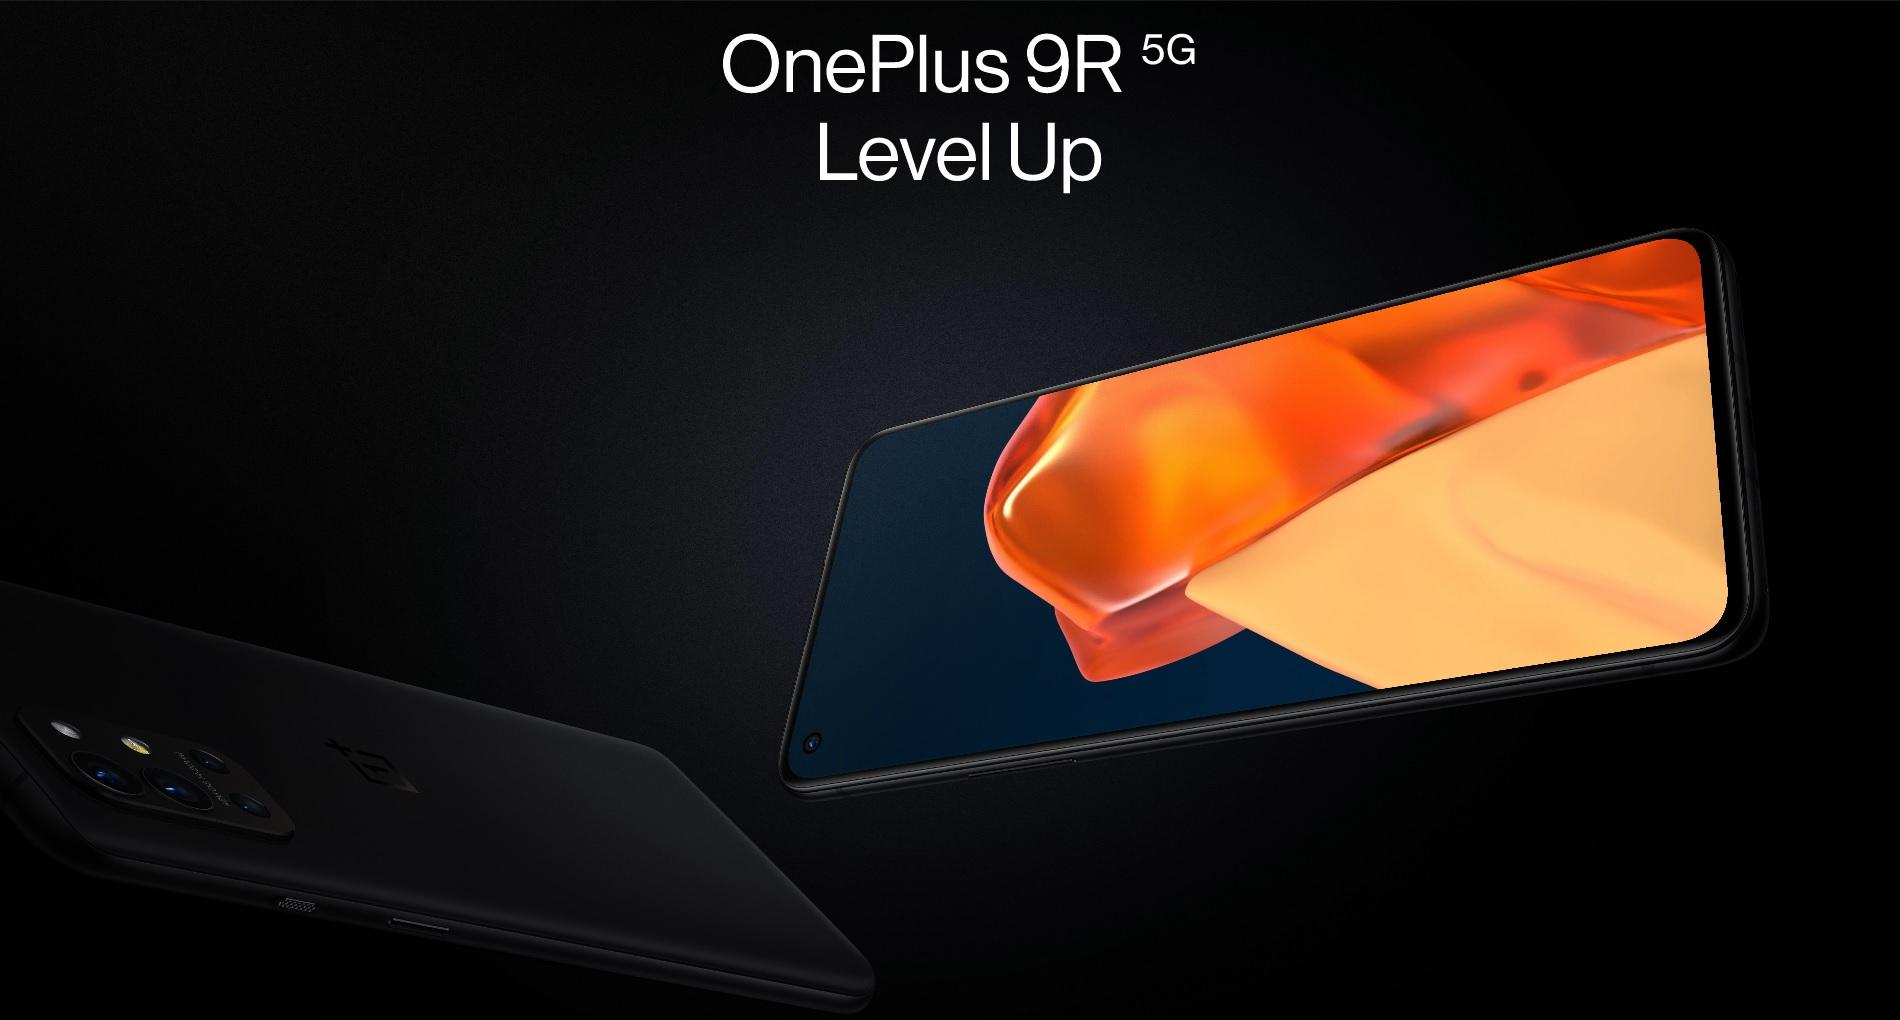 smartfon OnePlus 9R 5G smartphone
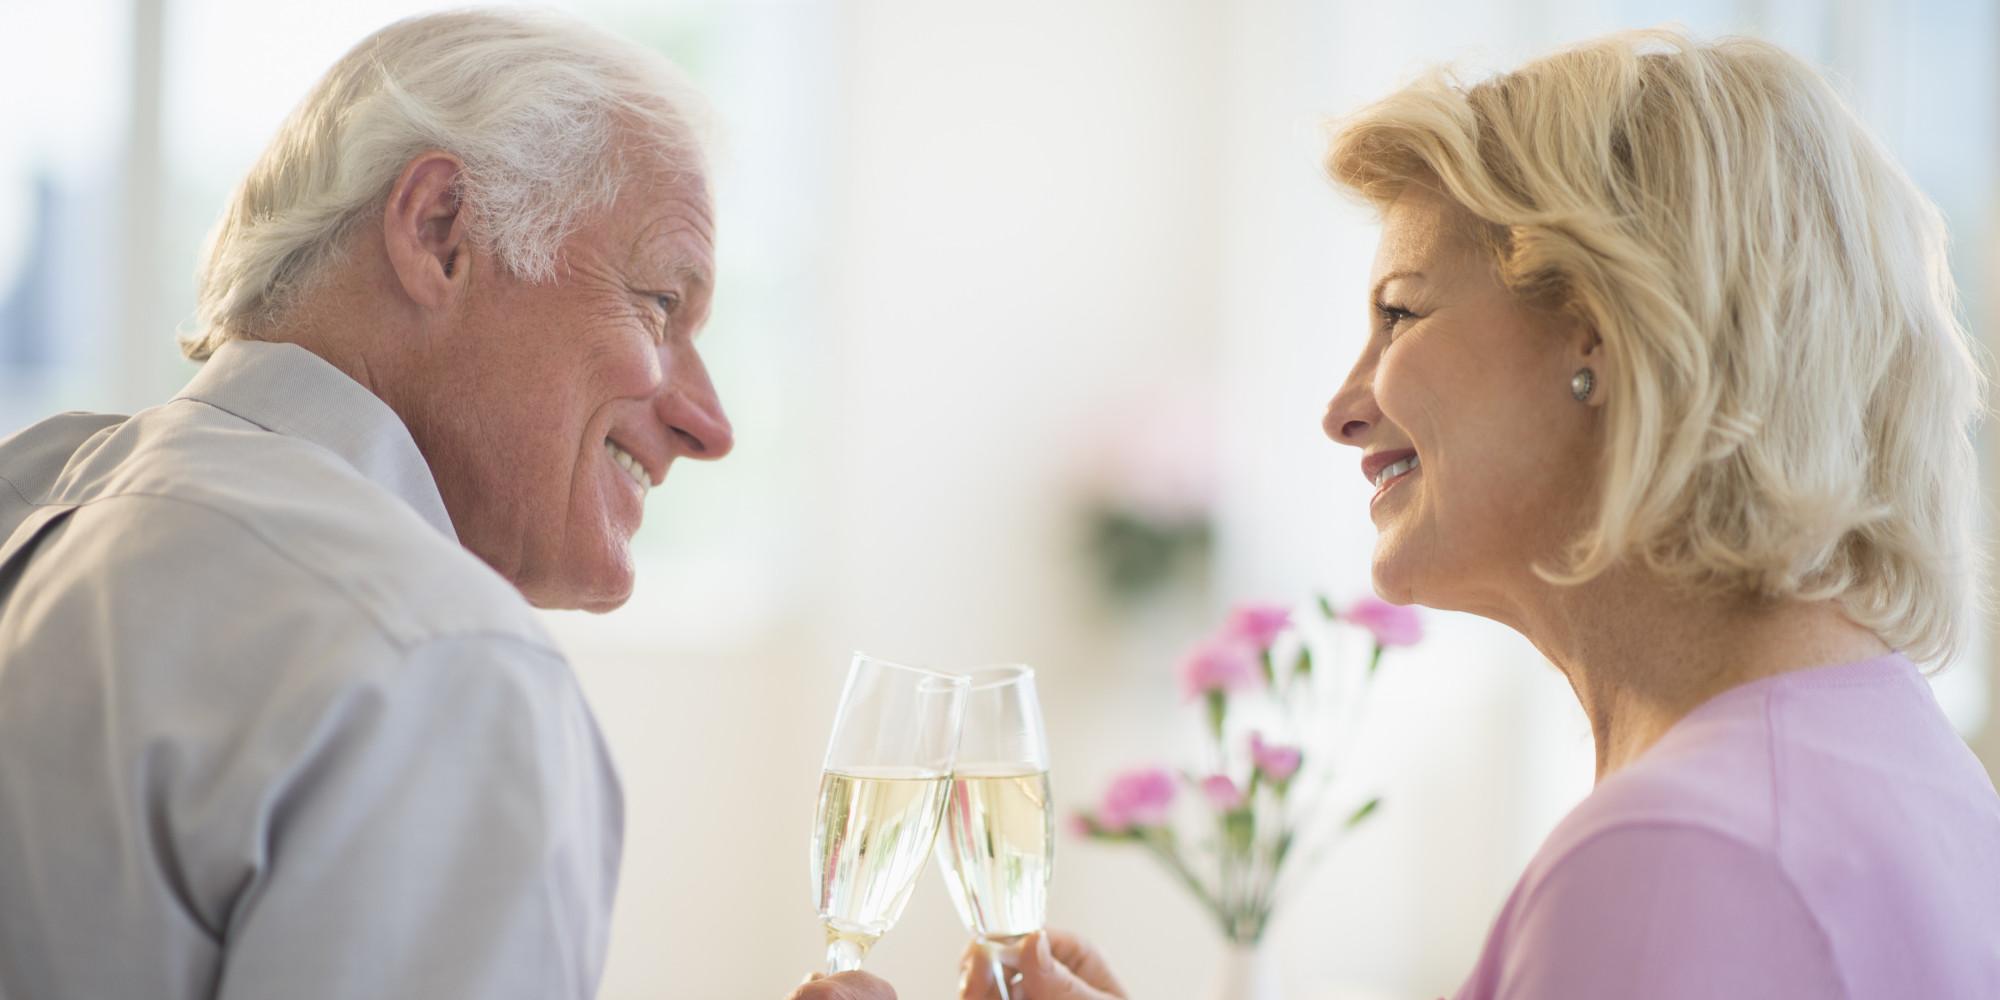 panemune senior singles Gay dating website for senior singles looking for love we connect gay seniors on key dimensions like beliefs & values for longer relationships join free.
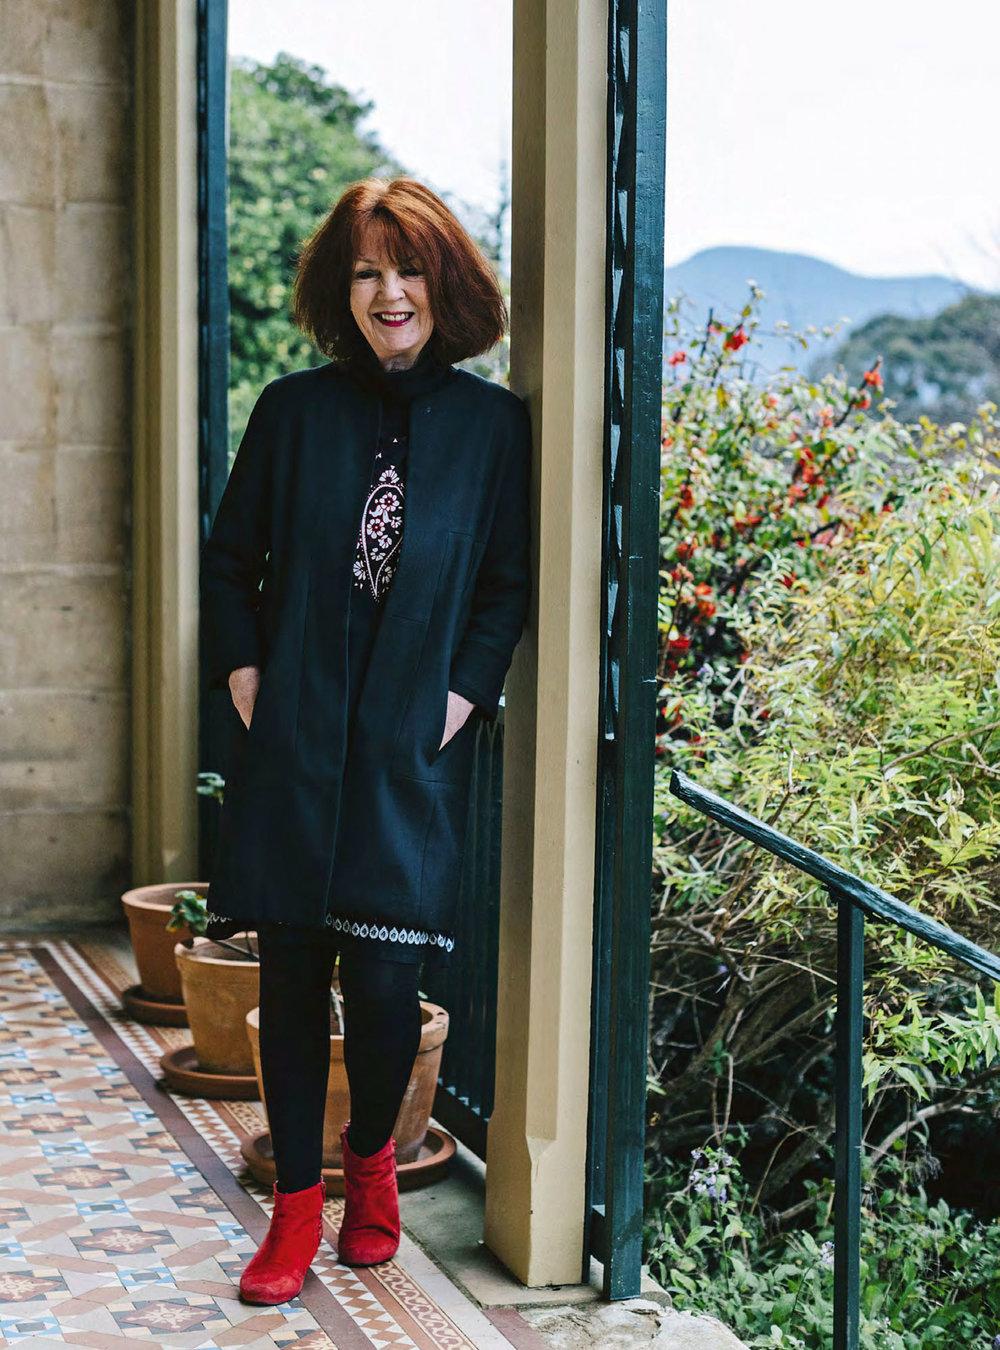 Marnie Hawson, Melbourne lifestyle photographer for Trust magazine, Issue 3 (Runnymede, Tasmania)

○ ○ ○ ○

## Problem statement
Omitting all images, print the listing exactly.

## Solution below
 smartfon OnePlus 9R 5G smartphone
 panemune senior singles Gay dating website for senior singles looking for love we connect gay seniors on key dimensions like beliefs & values for longer relationships join free.
 Marnie Hawson, Melbourne lifestyle photographer for Trust magazine, Issue 3 (Runnymede, Tasmania)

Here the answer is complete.